The occupation was putting more and more strain on the people. The average person found it difficult to make ends meet, as more and more taxes were being levied—some to fund pleasure palaces and cities meant to honor men who had no honor. Building the city of Tiberius over the bones of the dead, not good—unclean. No pious person could live there.

Having made his way out into the world, he learned that there were more ways of worship than what Jerusalem offered; the farther you traveled away from the Temple, the greater chance of discovering a new sect of people who proclaimed to know better, more perfect ways of divine observance. And then there were the Greek gentiles and all their gods—and their philosophical thinking. Everyone was competing to be “right.” 

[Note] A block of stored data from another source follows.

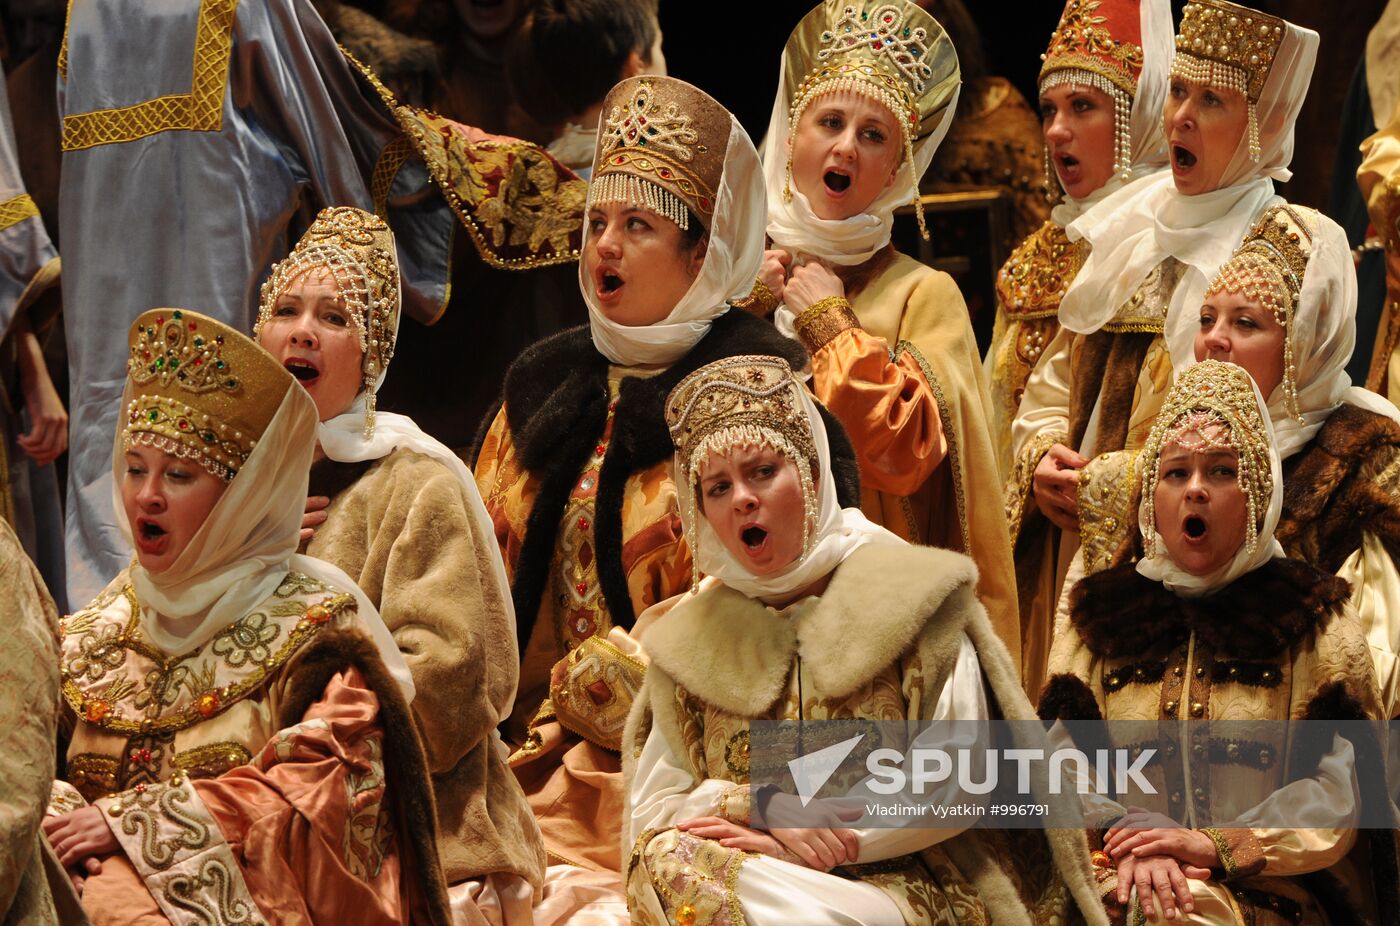 Dress rehearsal of opera "Boris Godunov" at Bolshoi Theatre
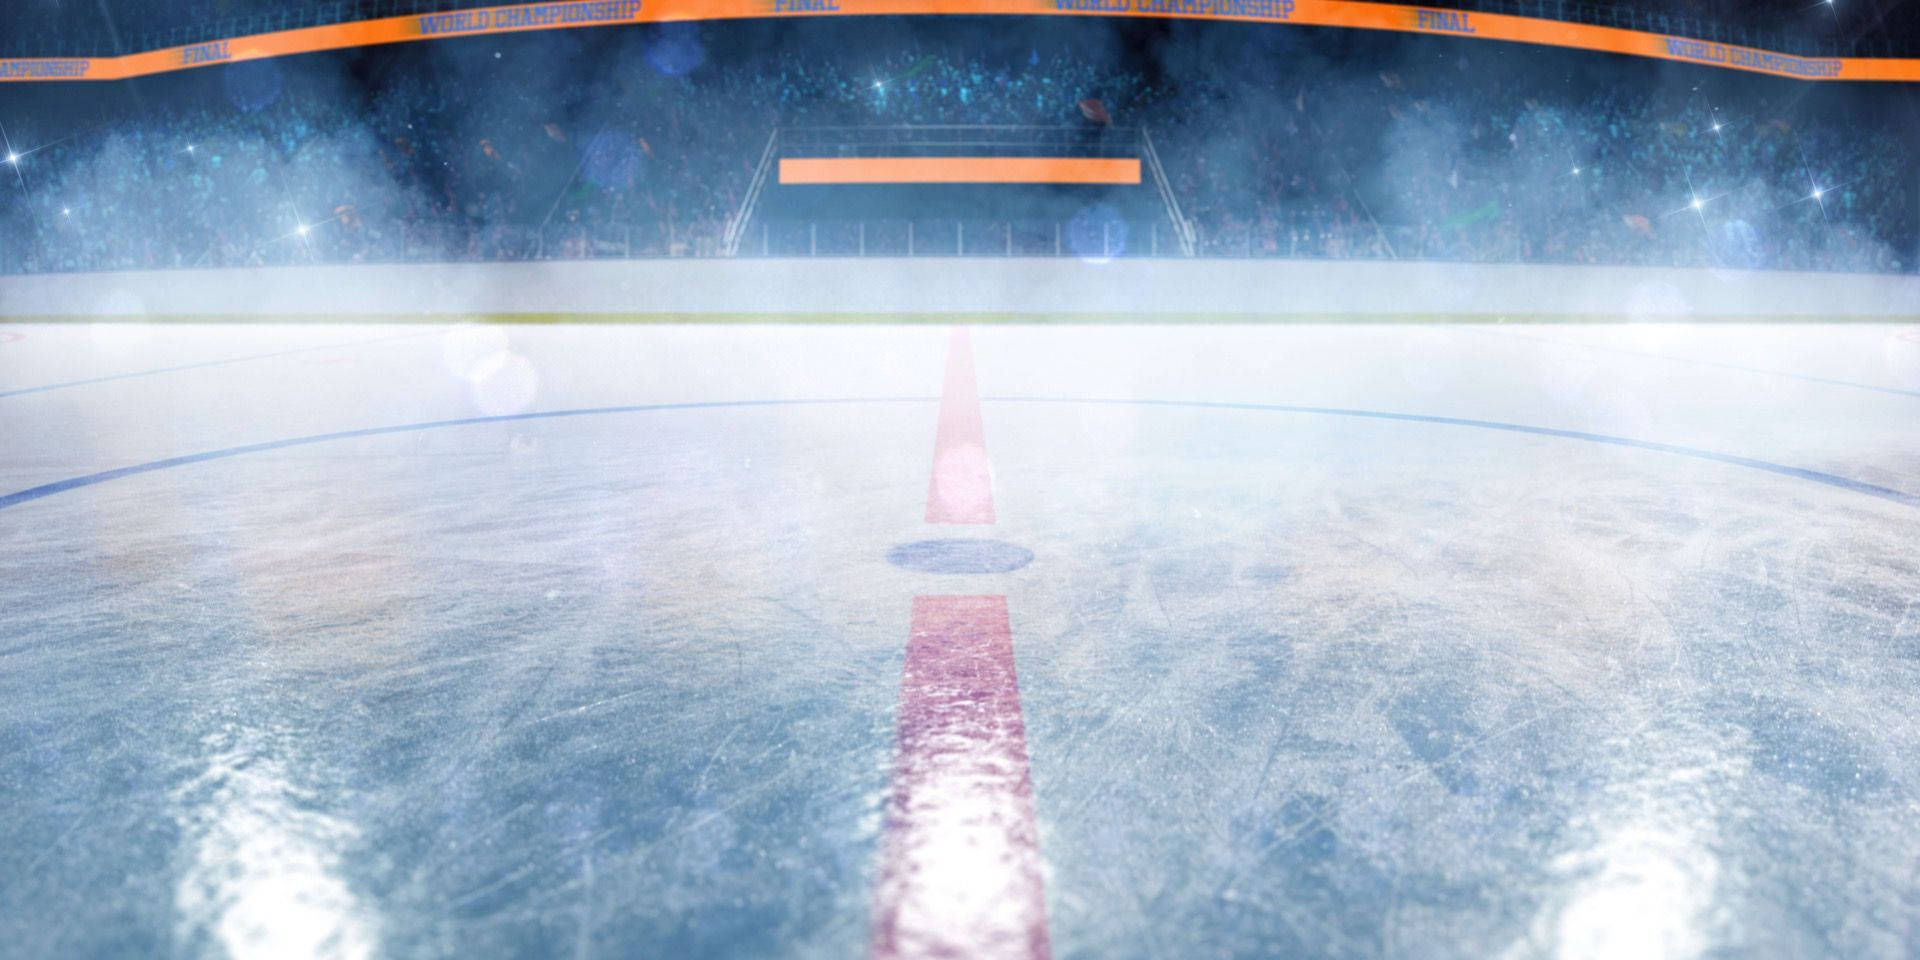 Fri snerig ishockeybane. Wallpaper
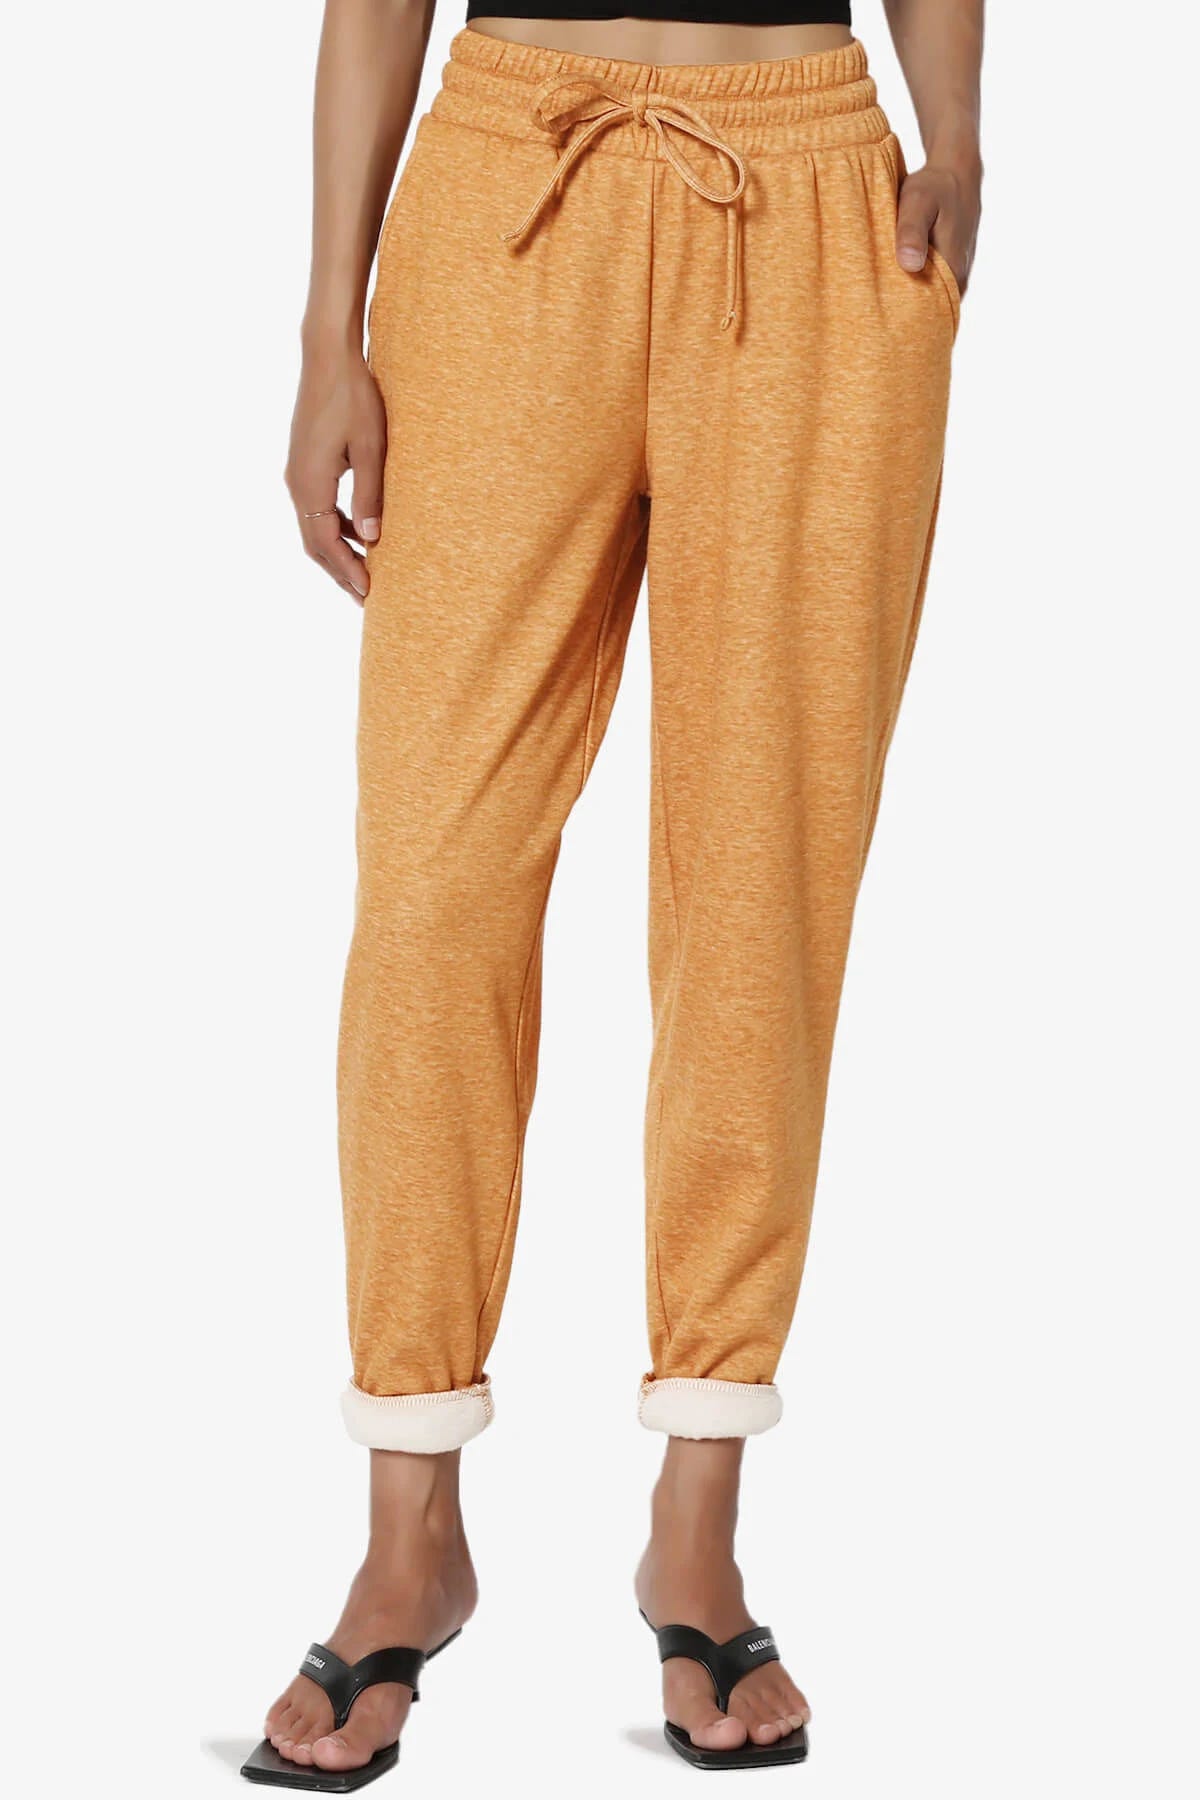 Yellow High-Waist Fleece Jogger Pants for Women | Image
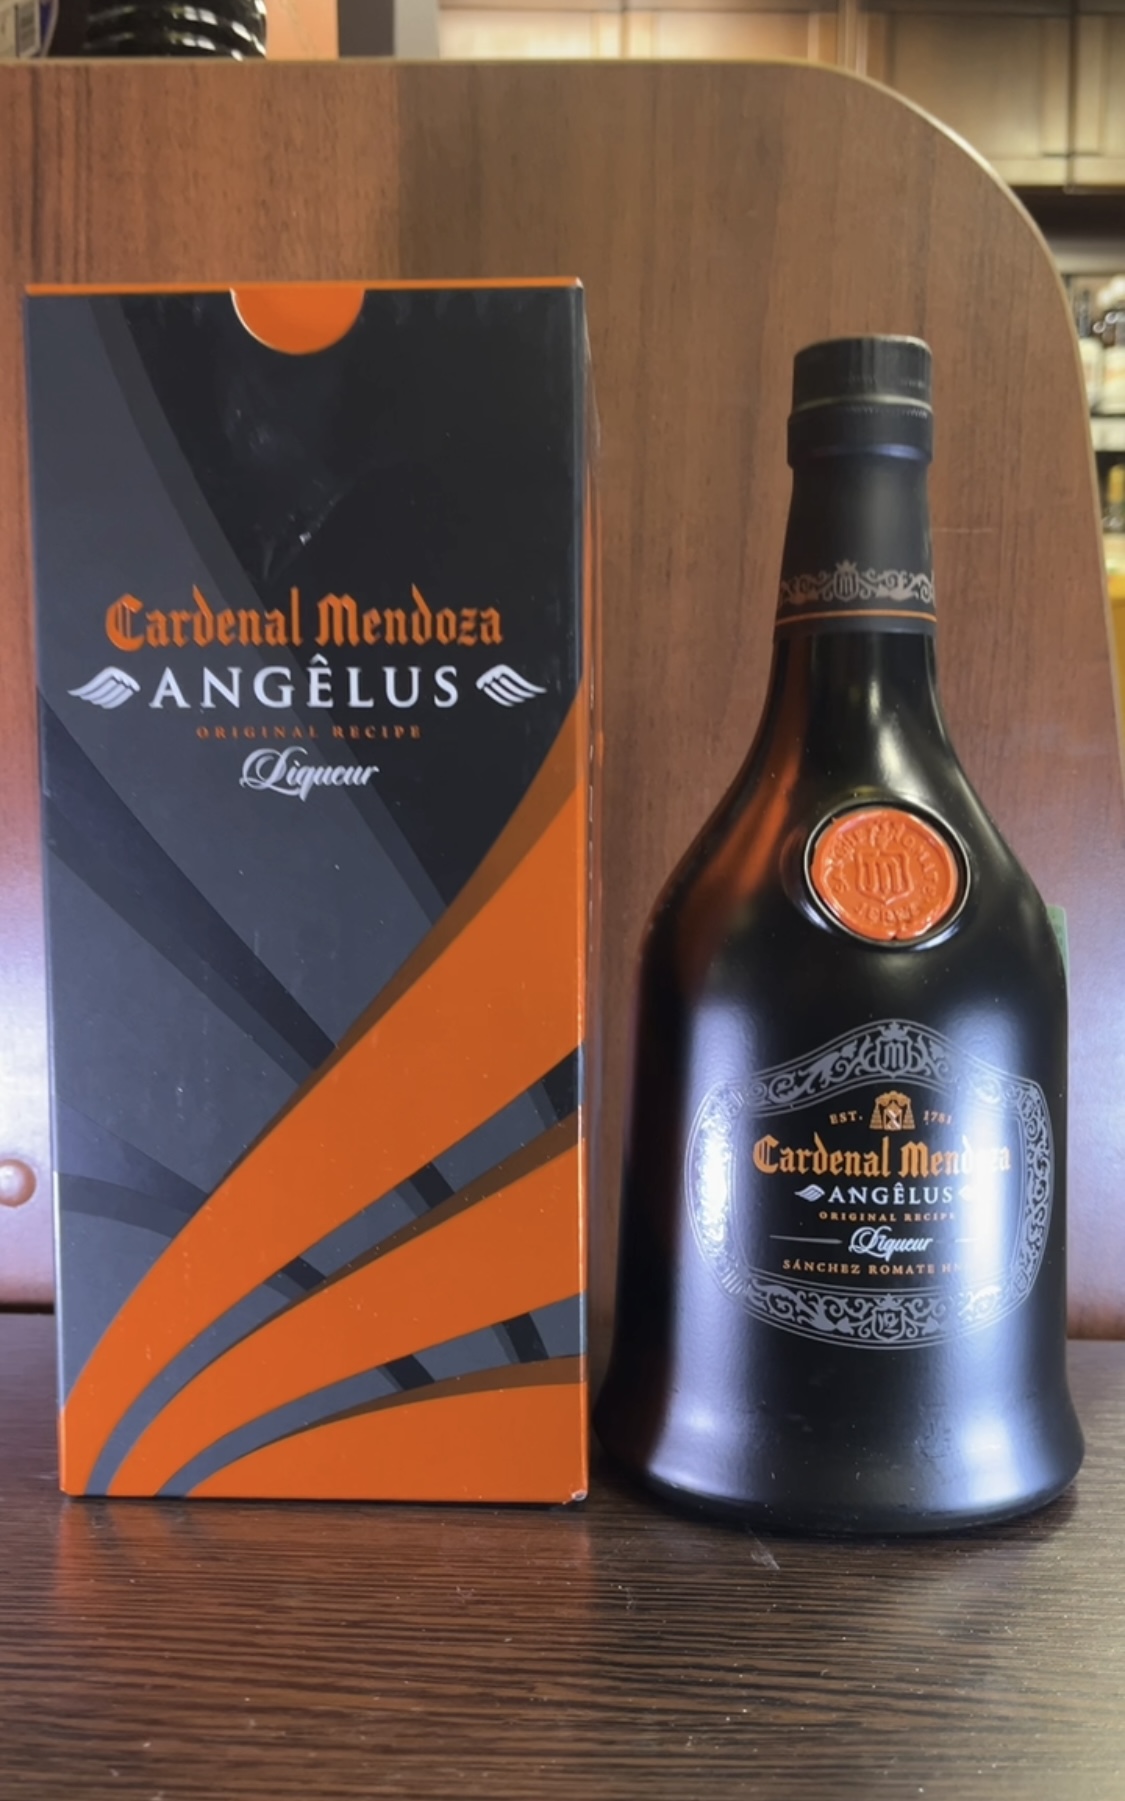 Liqueur Angelus Cardenal Mendoza Ликер Анхелус Кардинал Мендоза 0.7л в подарочной упаковке

But more immediately, having returned home for a visit, the family spoke to him about their growing concern for cousin John, his ministry and mission. He had not seen John much over the years; as an adult, John had become a bit odd and estranged from immediate family. He’d found he couldn’t live indoors, and had left town to live in the countryside. And then he’d found a purpose—and now had a following. The family feared his purpose would make him a target. Perhaps an intervention was necessary.

And so he had been shadowing John, at the behest of family, to see what it was all about, to hear what John had to say. He found that with much of John’s talk, he was in full agreement. 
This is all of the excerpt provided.